One element does surely connect people in both groups. This is that all live with their memories - and at least once a year, in whatever way, revisit and think about the meaning of that time.

Another, much smaller group exists, however: of those individuals for whom June 1989 continues to be a daily part of their lives. Sun Baoqiang is one of these. She is a writer who was based in Shanghai at the time of the uprising, and wrote a lengthy memoir of her experiences during and after the events: Shanghai Woman Prisoner, published outside China in 2011. The book tells how, when Sun was working in the local cooking-oil company, she was swept up in protests against corruption. The date of greatest significance to her is 6 June when she was involved in a protest in central Shanghai that brought her to the attention of the police, and led to her being jailed. This was the start of three years of incarceration, and a lifetime thereafter of carrying the label of "counter-revolutionary".

Sun’s account has all the grim humour and anger of a survivor bewildered by the situation she finds herself in. She was sentenced after the most cursory of trials, and describes the  separation from her young son as the most painful torture she faced (he was looked after by her husband while she served her sentence). There is in her account a degree of camaraderie amongst her fellow convicts, but also endless mean bullying, physical violence, and inhumanity. The simple fact is that Sun was - before, during and after her imprisonment - no threat to anyone; in most other cultures she would have been able to express her views without serious consequences. It was the very treatment meted out to her for her role in 1989 that turned her from a critic into an opponent of the authorities. It was a lose-lose outcome for everyone.

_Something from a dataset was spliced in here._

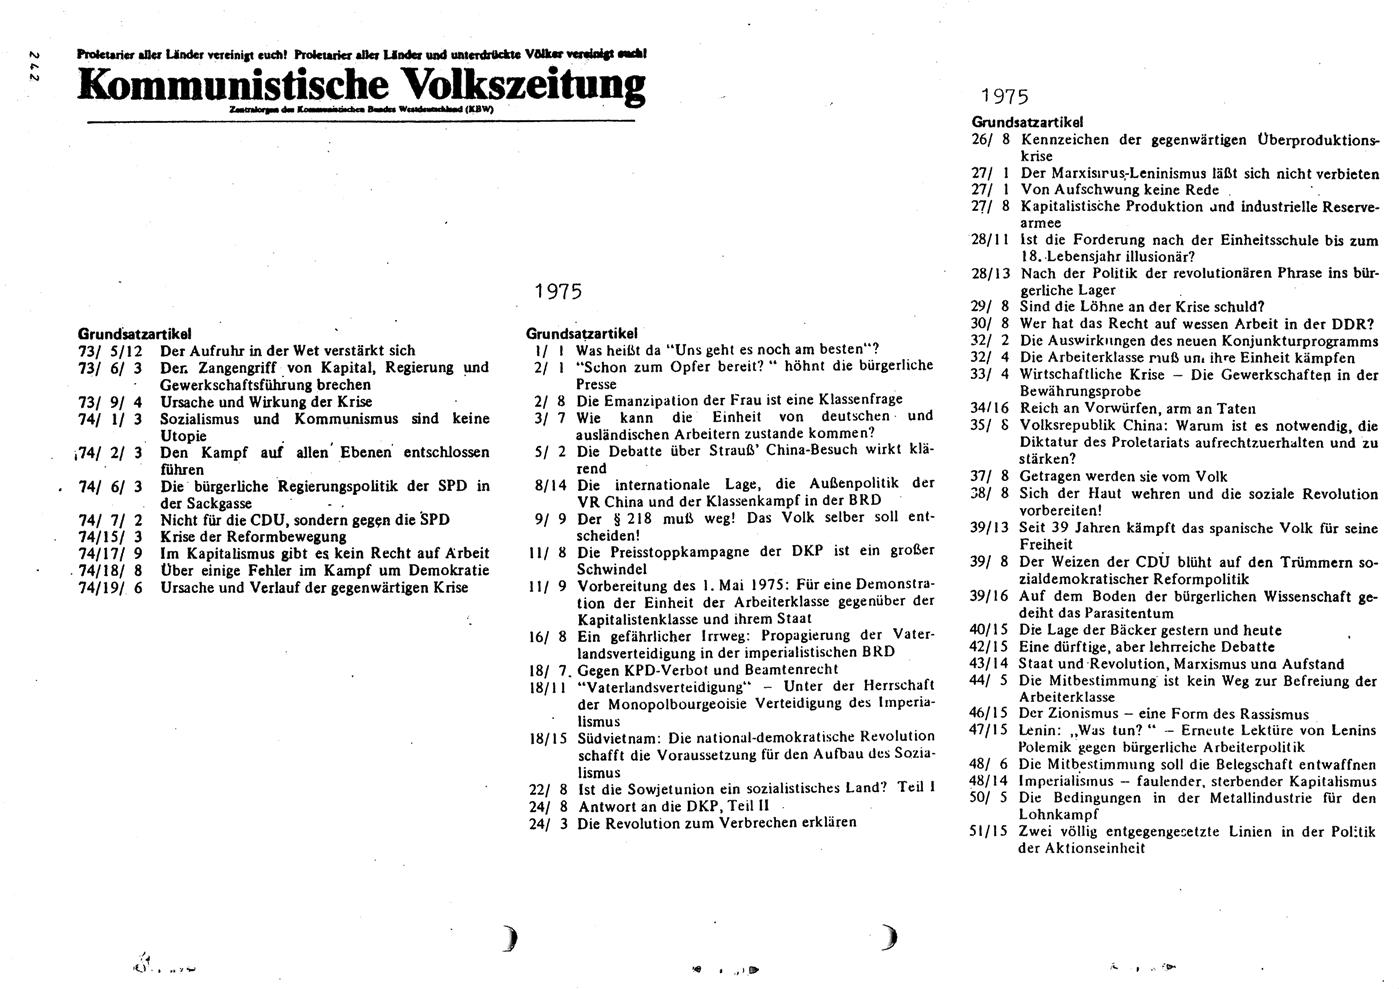 KABRW_Arbeitshefte_1978_31_122

Sun makes clear at the start of her story that the status of political prisoner in modern China is a very distinctive one. Amongst her cellmates, this meant she (and anyone else with a similar label) occupied the bottom-most rung,lower even than murderers or thieves. But when Sun has a conversation with one of the prison officials, she is struck by their staggering ignorance of the politics they are charged with defending. The person she speaks to in late 1989 is unaware that Hua Guofeng, Hu Yaobang and Zhao Ziyang had either retired or been removed from party leadership positions, and simply asserts that whatever the party says is true.

The long shadow

The party itself, in Sun's version, is very far from an abstract entity that occupies a rarefied zone of ideological and moral purity. It is rather a daily, living reality embodied by endless officials, who occasionally show sporadic flashes of humanity and at other times seek the opportunity to prosecute their personal vendettas. When Sun, on one of her husband's rare and brief visits, apologises for putting him in this predicament, he replies: "It is not you who need to apologise. It is the party."

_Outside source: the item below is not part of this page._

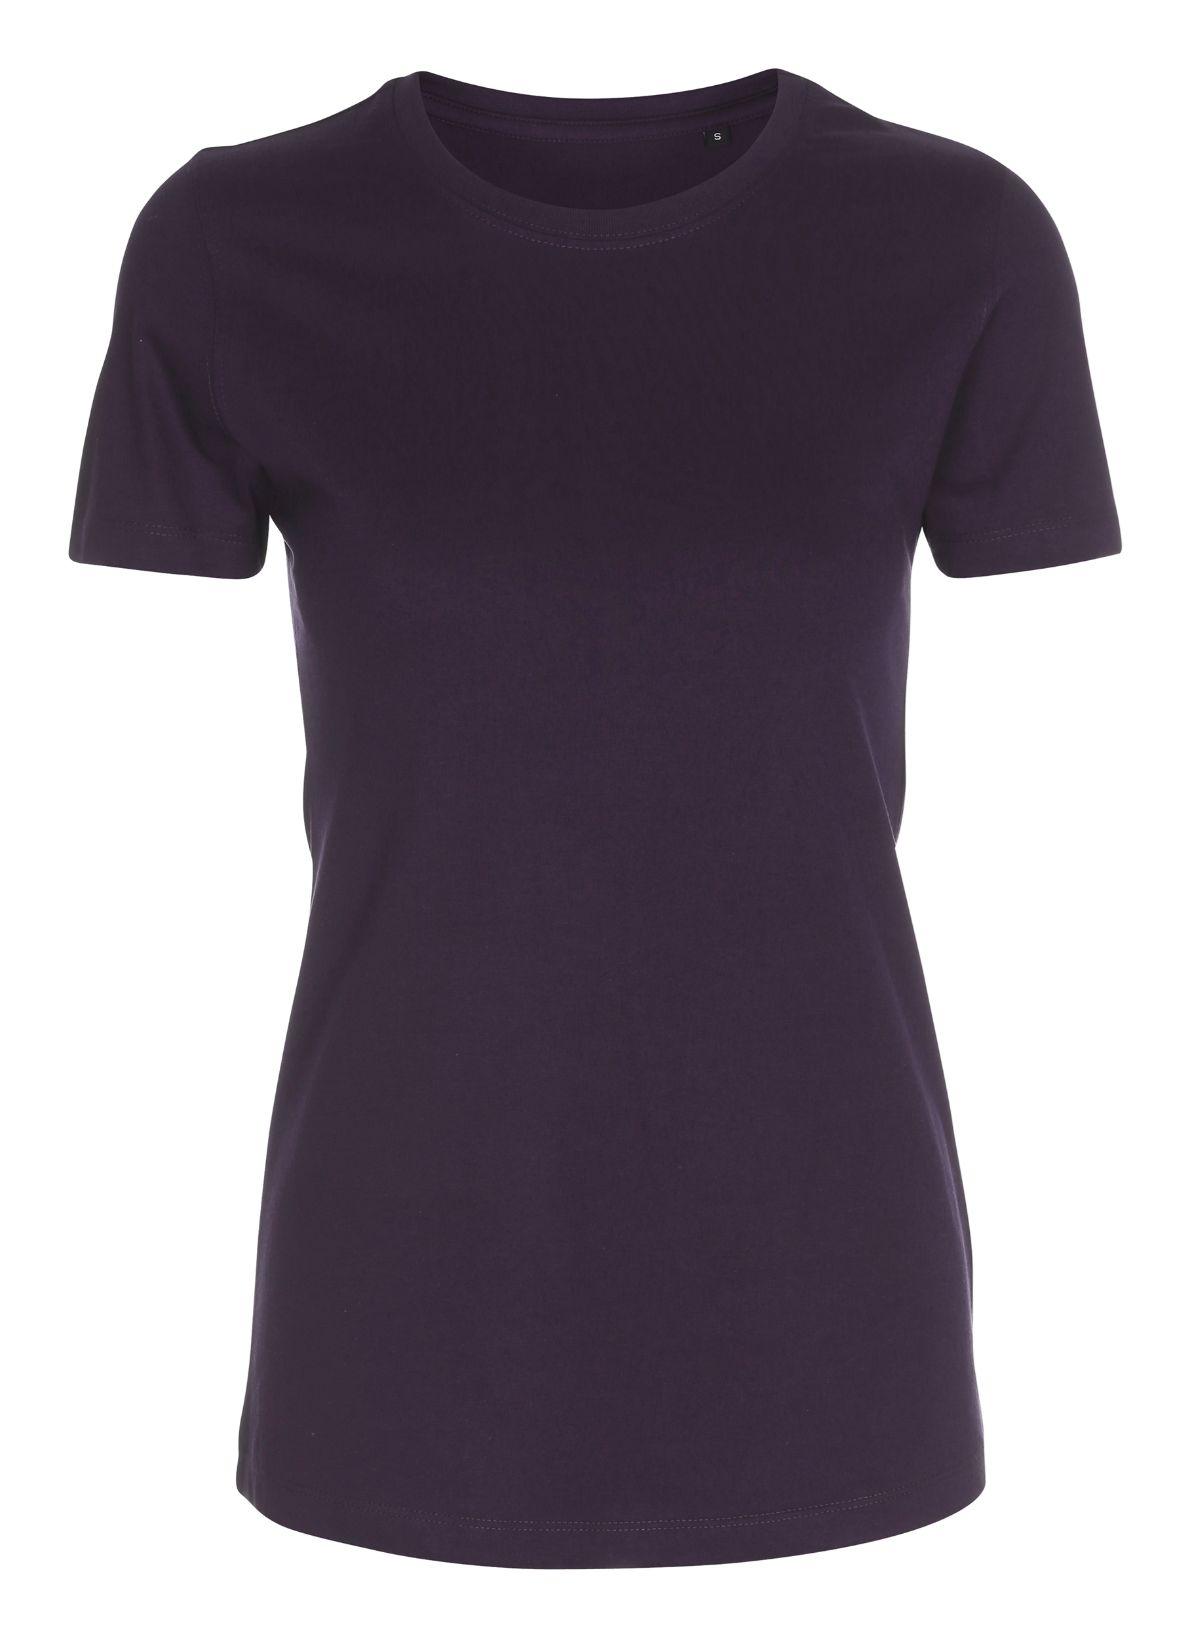 Billede af Slidstærk dame t-shirt 220 g.

That, in essence, is what many Chinese people still want - people who are similar to Sun, and whose memories of the 1989 events remain close to them each day. An apology, an admission that wrong was done, a simple declaration that using lethal force against its own students and citizens was wrong - this is what they want from the party. As long as some party elders directly implicated in the events live on, It is unlikely that that apology will come. But it is clear now that the shadow of 1989 is not going to shift. In this it resembles the pernicious smog that sometimes descends on Chinese cities, only to be blown away by strong gusts of wind. There are indeed plenty in the party who are thinking deeply about how to come to terms with the legacy of that time.

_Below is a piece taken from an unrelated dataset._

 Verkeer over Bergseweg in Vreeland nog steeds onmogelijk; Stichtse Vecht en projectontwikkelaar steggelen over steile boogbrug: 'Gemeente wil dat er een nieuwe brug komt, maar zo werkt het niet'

For people like Sun Baoqiang, June 1989 was a moment of searing spiritual agony and loss. All the economic development thereafter in China has done nothing to heal these feelings, and never could. In the end, it was a moment of revelation, exposing the party's decision over where its loyalty lay: with the good of the people, or with itself. The party, twenty-five years later, lives with the choice it made. Sun Baoqiang's book is but one eloquent testimony of the terrible price everyone had to pay, and is still paying, for the events of that long night in Tianamen Square.